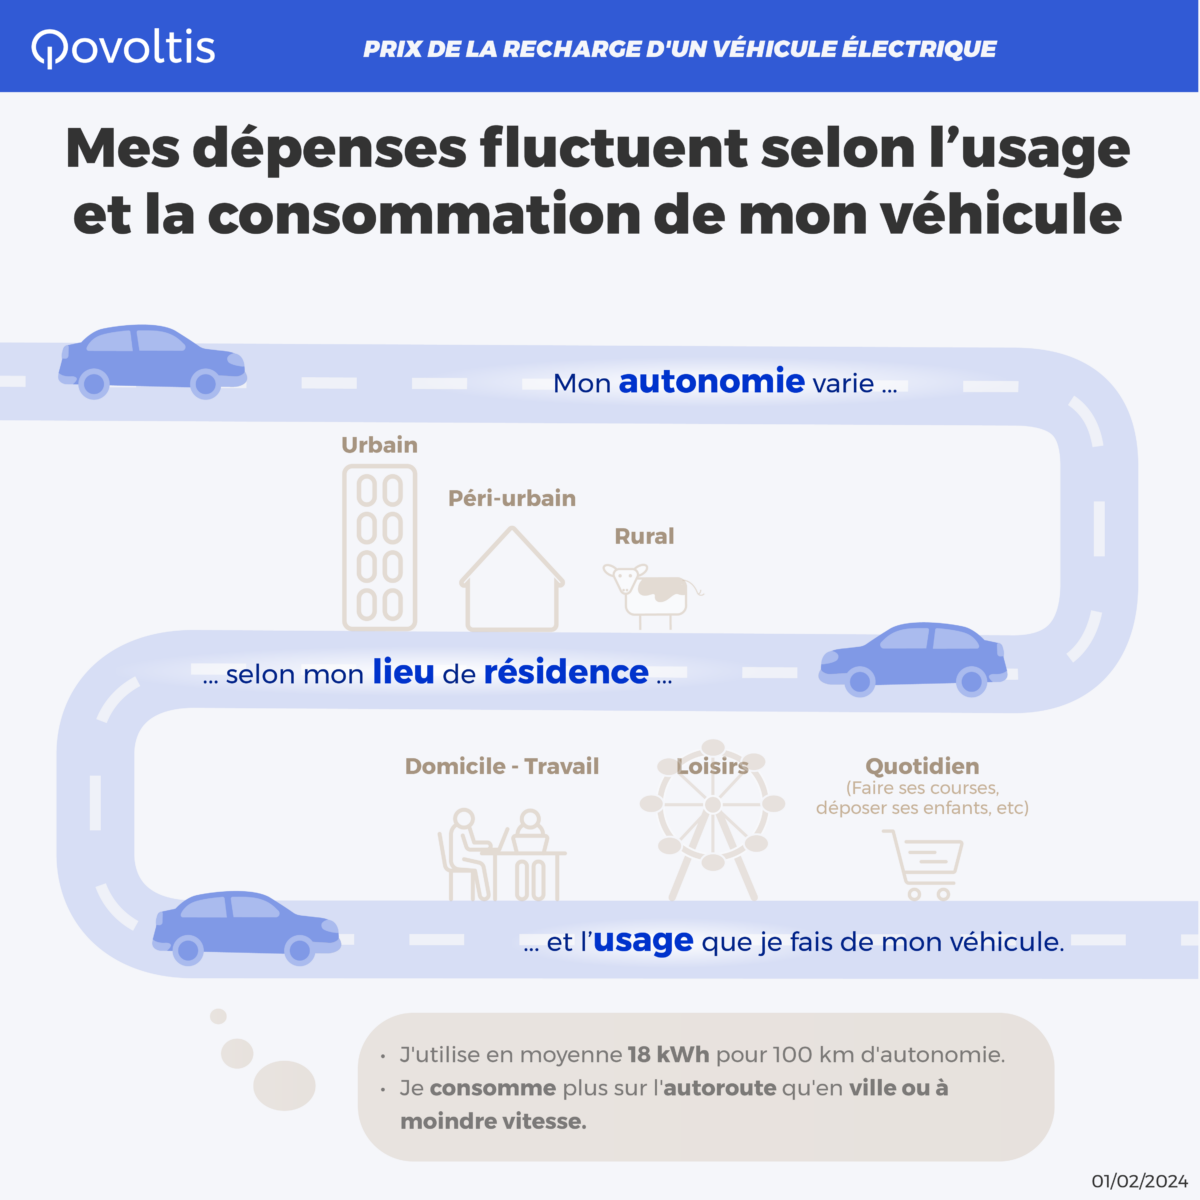 3ème page de l'infographie "Prix de la recharge d'un véhicule"
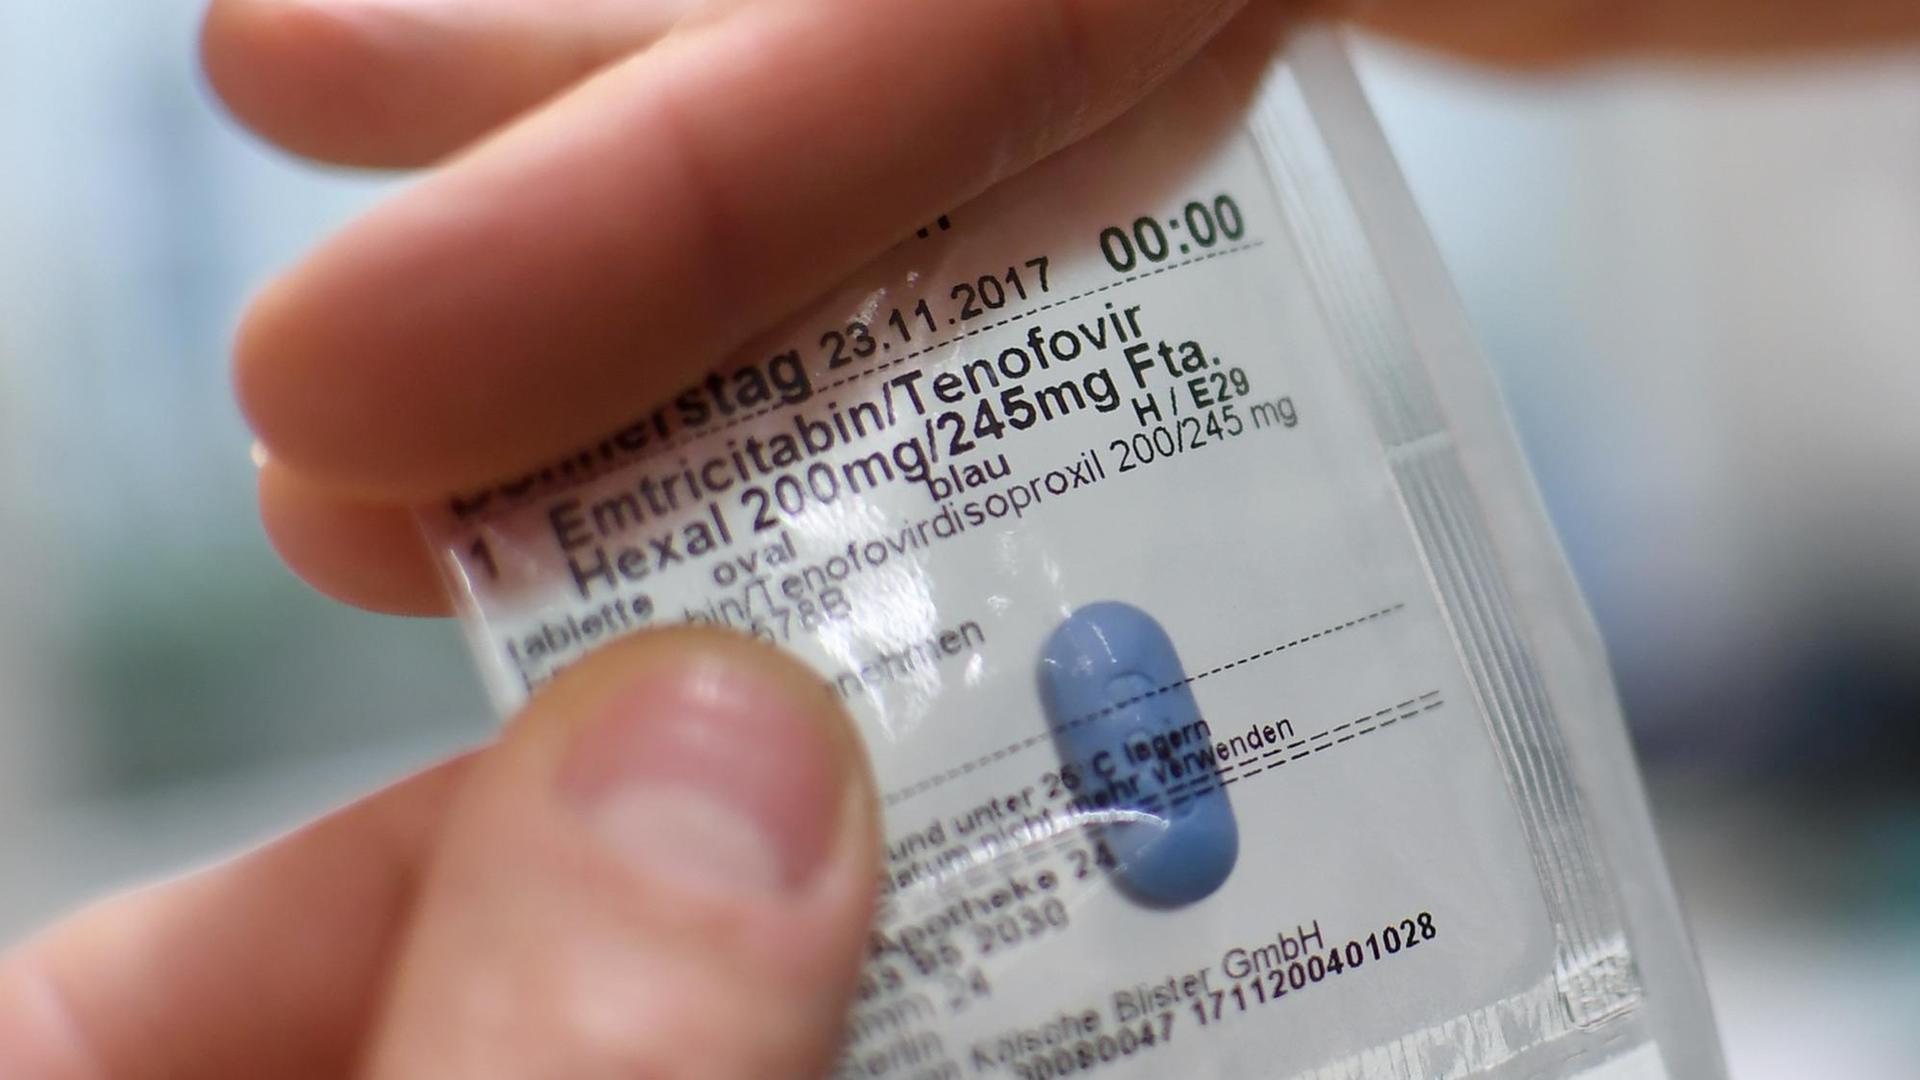 Eine Apothekerin hält am 23.11.2017 in Berlin einen Blister mit dem Medikament Emtricitabin in der Hand. In einem solchem Blister werden die Medikamente für HIV-Vorbeugung (PrEP, Prä-Expositions-Prophylaxe) mit Tabletten ausgegeben.
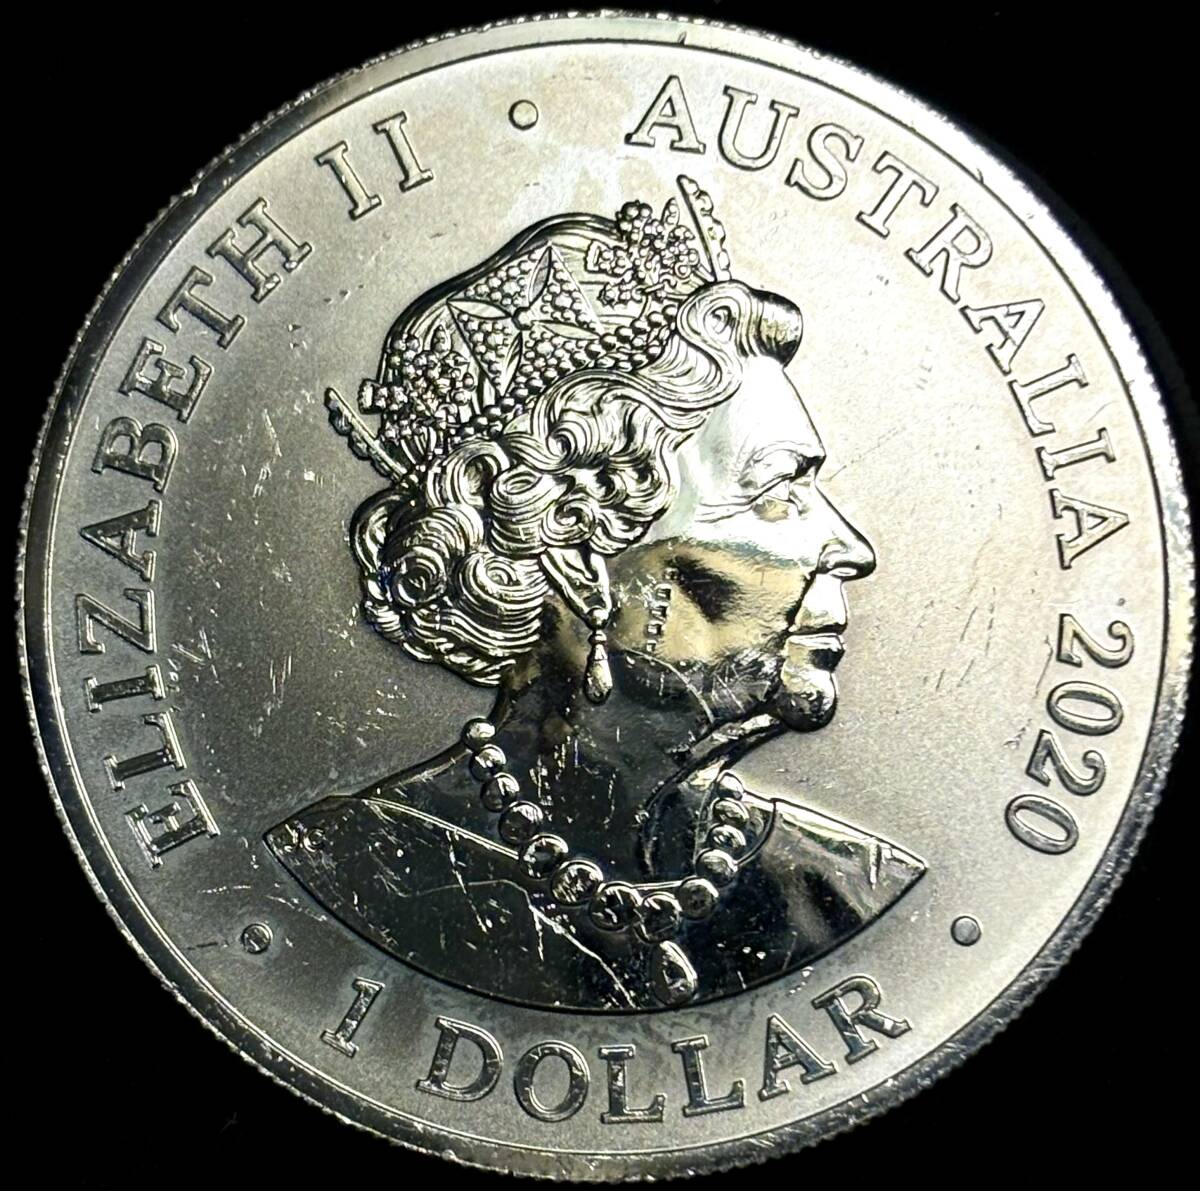 【オーストラリア大型銀貨】(1オンス純銀 2020年① 直径40mm プルーフ)_画像2

▬▬▬▬▬▬▬▬▬▬

__Goal of the exercise__: Would you reproduce each line of the material exactly, omitting the images?

__Response to this task__:
 3ème page de l'infographie "Prix de la recharge d'un véhicule"
 Eine Apothekerin hält am 23.11.2017 in Berlin einen Blister mit dem Medikament Emtricitabin in der Hand. In einem solchem Blister werden die Medikamente für HIV-Vorbeugung (PrEP, Prä-Expositions-Prophylaxe) mit Tabletten ausgegeben.
 【オーストラリア大型銀貨】(1オンス純銀 2020年① 直径40mm プルーフ)_画像2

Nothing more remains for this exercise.